Crucially, these upgrades aren't isolated improvements—they’re explicitly designed as interlocking, mutually reinforcing modules. This perfectly reflects Ethereum’s engineering mindset toward the impossible triangle: not seeking a magical silver bullet like monolithic chains do, but re-distributing costs and risks through layered architectural adjustments.
3. Vision 2030: Ethereum’s Endgame Architecture
Even so, we should remain cautious. Elements like "decentralization" aren't static technical metrics—they’re outcomes of long-term evolution.
Ethereum is progressively exploring the boundaries of the impossible triangle through engineering practice. As verification methods evolve (from recomputation to sampling), data structures change (from state bloat to state expiry), and execution models shift (from monolithic to modular), the original trade-offs are being redefined. We’re drawing infinitely close to that elusive goal where we can have it all: decentralization, security, and scalability.
In recent discussions, Vitalik outlined a relatively clear timeline:
- 2026: With improvements in execution layers and builder mechanisms—such as introducing ePBS—gas limits can be raised even without relying on zkEVM, while creating conditions for broader deployment of zkEVM nodes;
- 2026–2028: Adjustments to gas pricing, state structure, and execution payload organization will allow the system to maintain secure operation under heavier loads;
- 2027–2030: As zkEVM becomes a key method for block validation, gas limits may rise further, with long-term aspirations pointing toward more decentralized block building;

Combining recent roadmap updates, we can glimpse three key characteristics defining Ethereum before 2030—features that together form the ultimate answer to the impossible triangle:
- Minimalist L1: Layer 1 becomes a stable, neutral base responsible only for data availability and settlement proofs. By no longer handling complex application logic, it maintains extremely high security;
- Thriving L2s and Interoperability: Through EIL (Interoperability Layer) and fast confirmation rules, fragmented L2s are stitched together into a seamless whole. Users won’t perceive individual chains—they’ll simply experience TPS in the tens of thousands;
- Extremely Low Validation Barriers: Thanks to mature state management and light client technology, even smartphones can participate in validation, ensuring the cornerstone of decentralization remains rock-solid;
Interestingly, as this article was being written, Vitalik reiterated an important test criterion—the "Walkaway Test"—emphasizing that Ethereum must retain autonomous operability: even if all service providers disappear or suffer attacks, DApps should continue running and user assets must remain secure.

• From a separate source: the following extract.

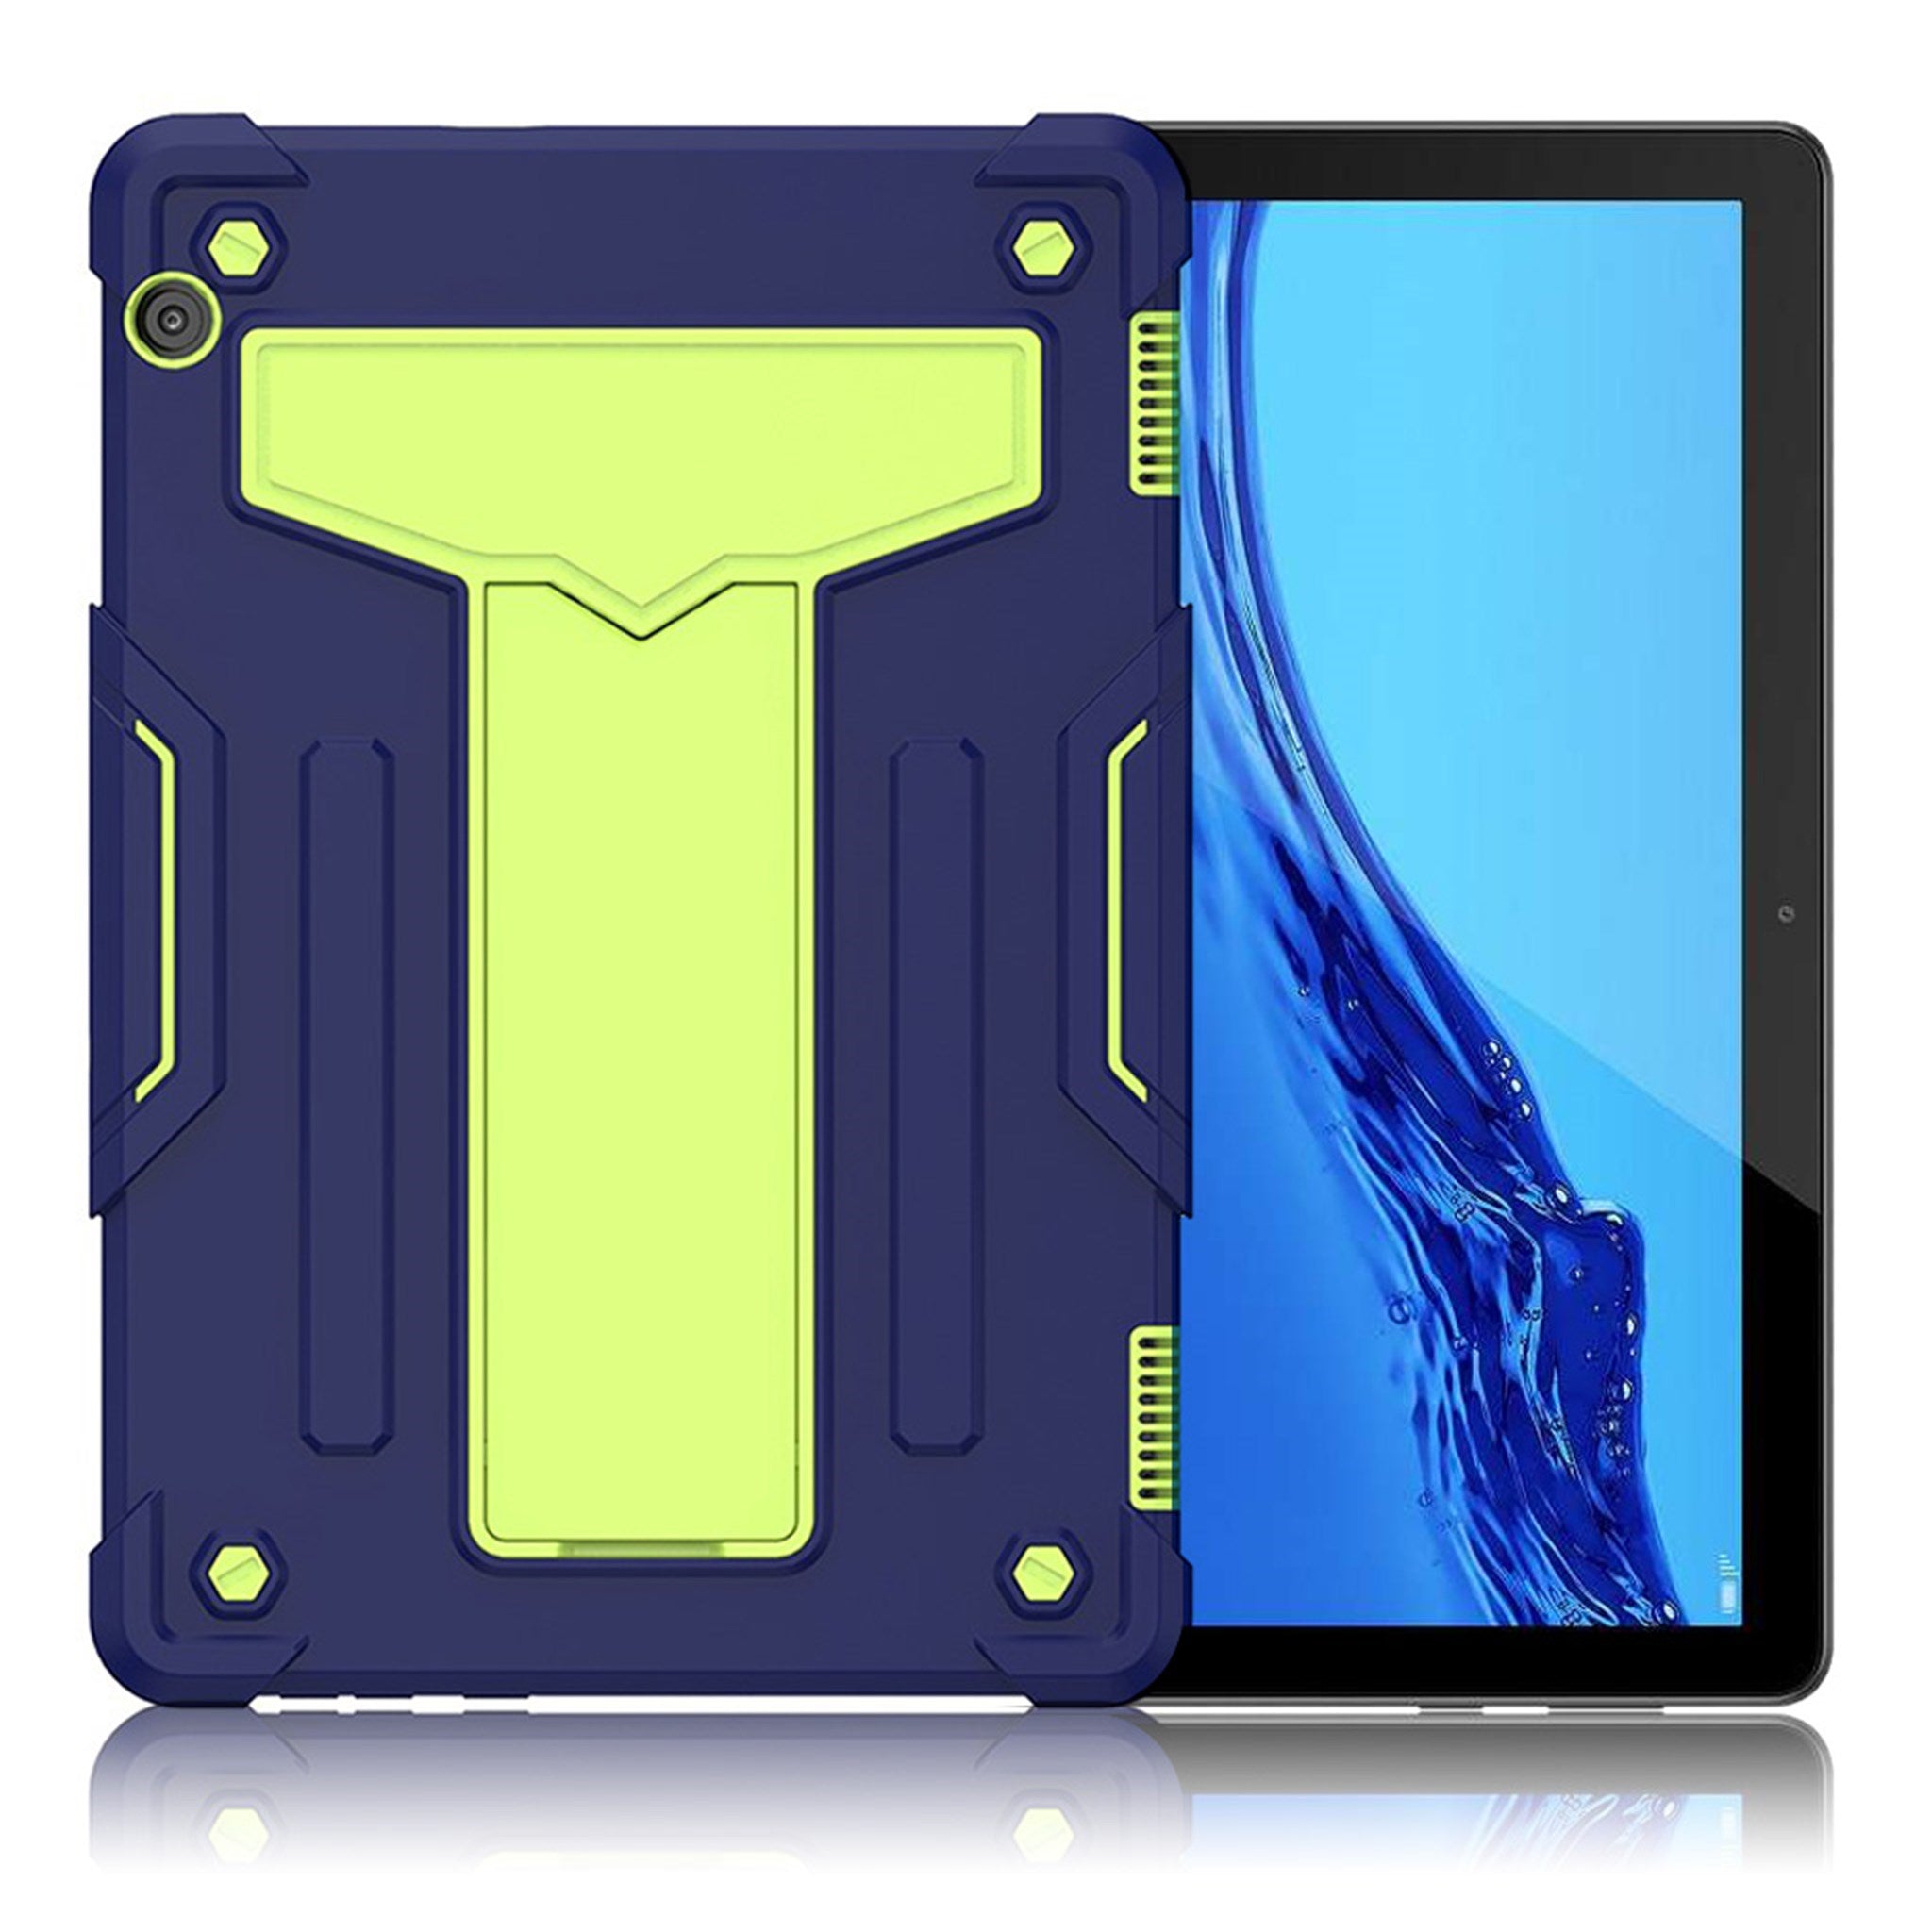 Shockproof hybrid silicone case for Huawei MediaPad T5 - Dark Blue / Green

This statement effectively shifts the evaluation metric of Ethereum’s “endgame” away from speed and user experience, refocusing it on what Ethereum cares about most: whether the system remains trustworthy and non-reliant on single points, even under worst-case scenarios.
Final Thoughts
One must always view problems with a developmental perspective—especially in the fast-moving world of Web3/Crypto.
I believe that years from now, when people look back at the intense debates around the impossible triangle during 2020–2025, they might find them amusing—like serious discussions before the invention of automobiles about how carriages could simultaneously achieve speed, safety, and load capacity.
Ethereum’s answer isn’t choosing painfully among three corners. Instead, through PeerDAS, ZK proofs, and sophisticated economic game design, it builds a digital infrastructure that belongs to everyone, is highly secure, and capable of supporting humanity’s entire financial activity.
Objectively speaking, every step forward along this path walks upon the final chapter of the “impossible triangle” narrative.